Would you transcribe exactly the lines from the one containing "Rękawice taktyczne Mechanix" to the last line of the data below, both ends included, but none of the pictures?

* [Dataset excerpt]:
[Start of Attachment]

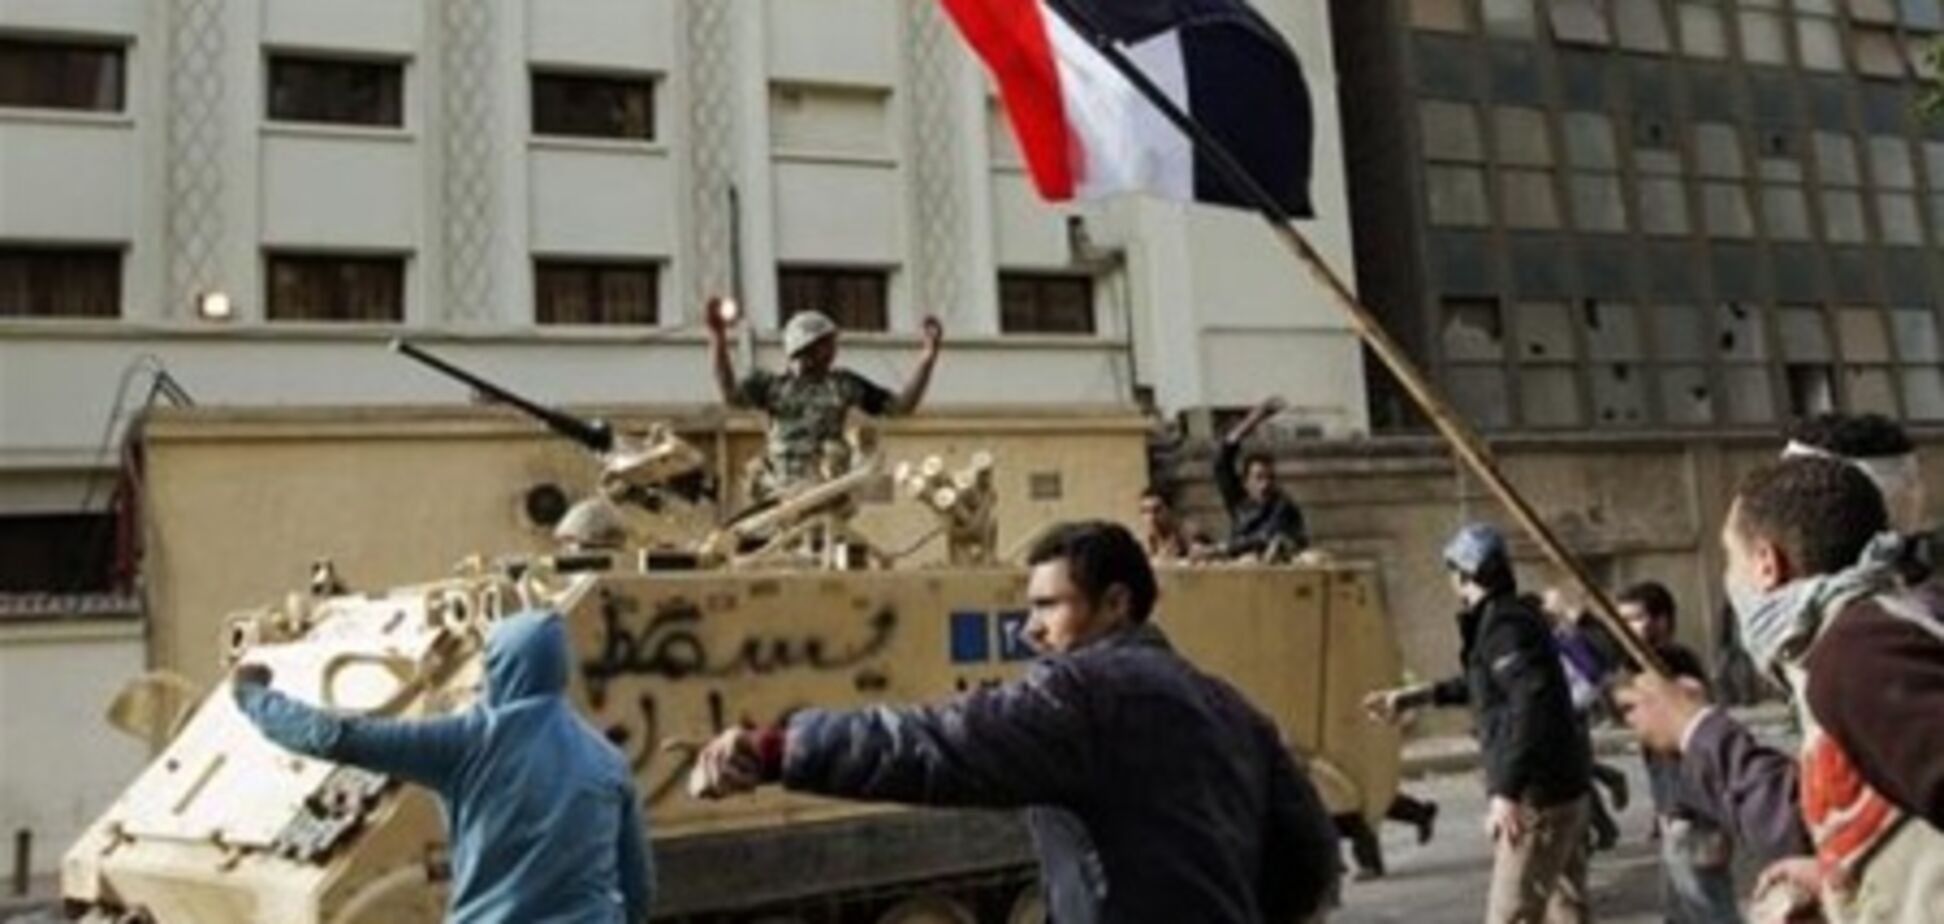 Жители Каира готовятся к новой революции
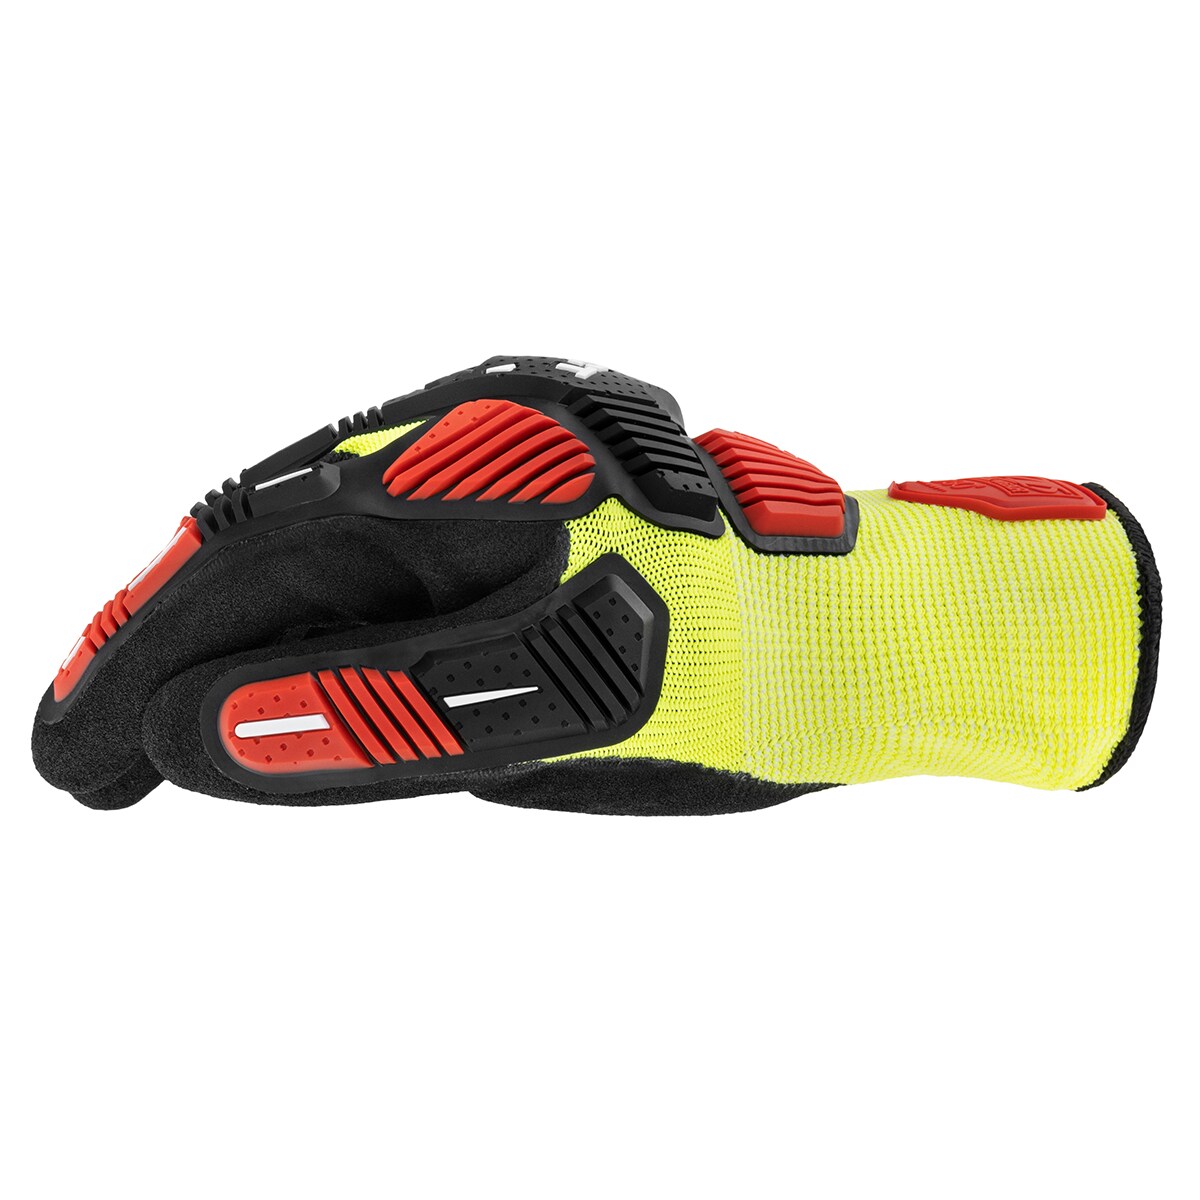 Rękawice taktyczne Mechanix Wear M-Pact Hi-Viz CR3A3 - Yellow/Red
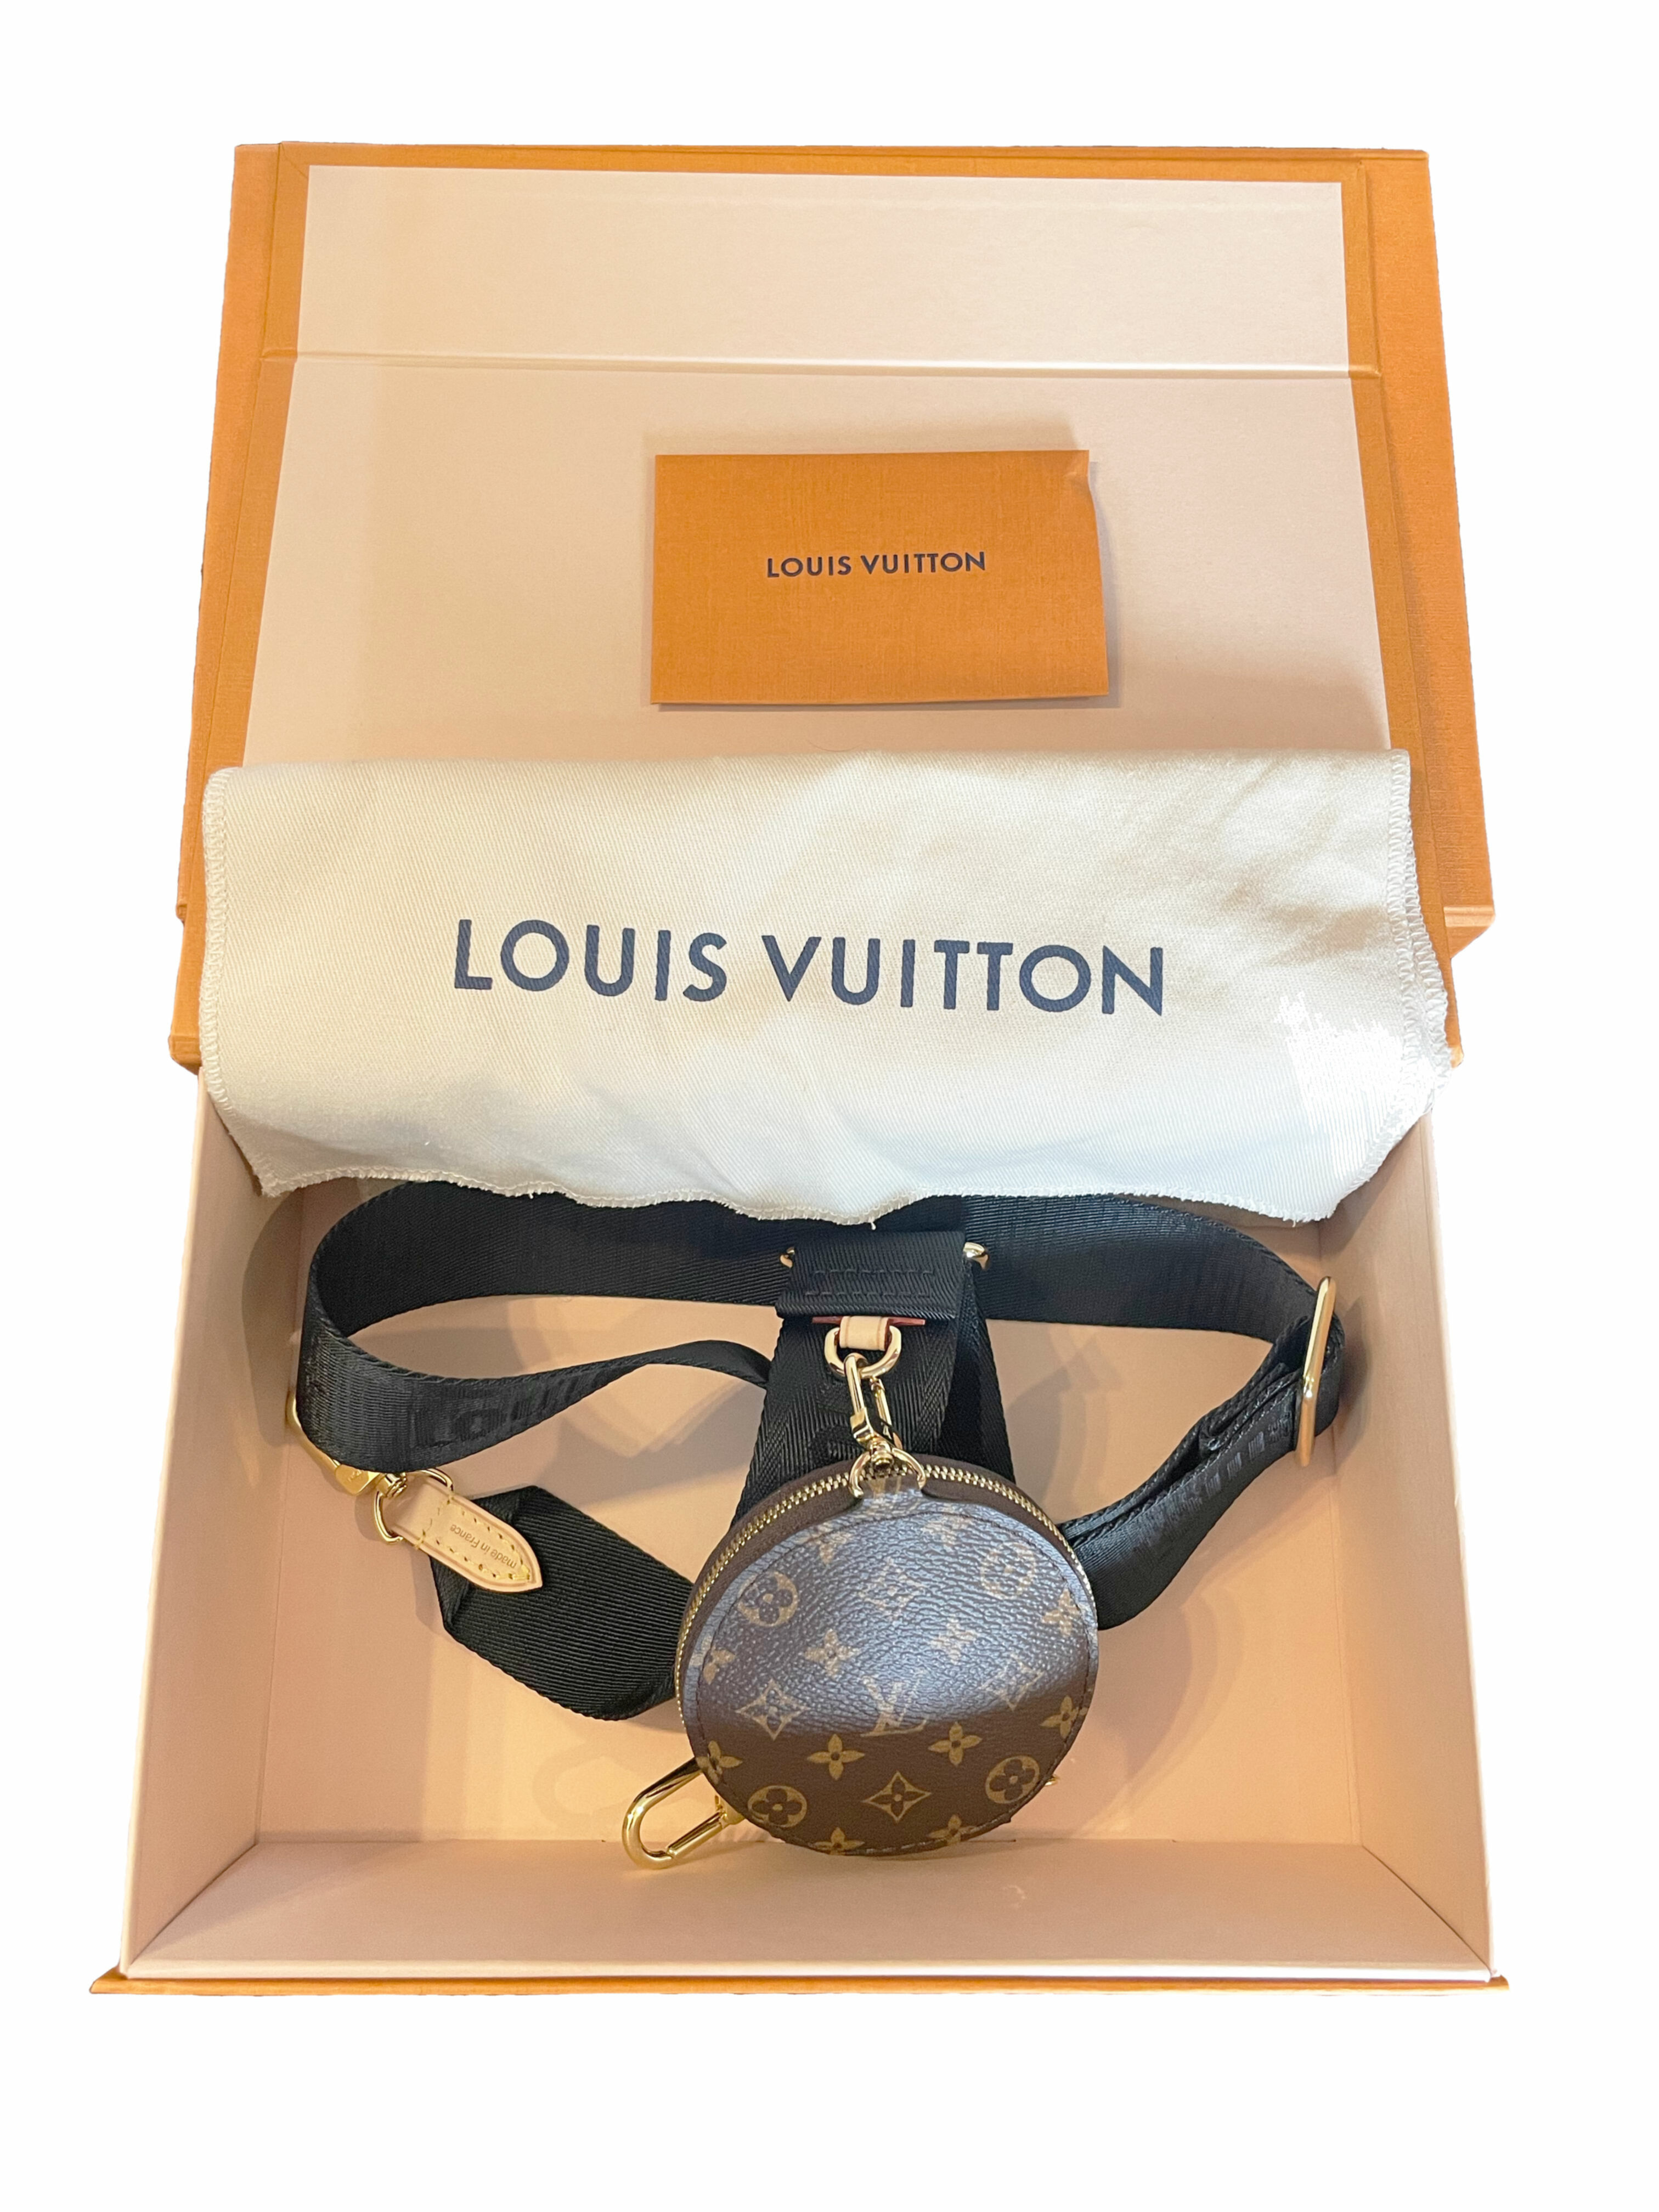 Louis Vuitton muchos productos más en Zafiro Store.

[End of Attachment]

* [Answer]:
 Rękawice taktyczne Mechanix Wear M-Pact Hi-Viz CR3A3 - Yellow/Red
 Louis Vuitton muchos productos más en Zafiro Store.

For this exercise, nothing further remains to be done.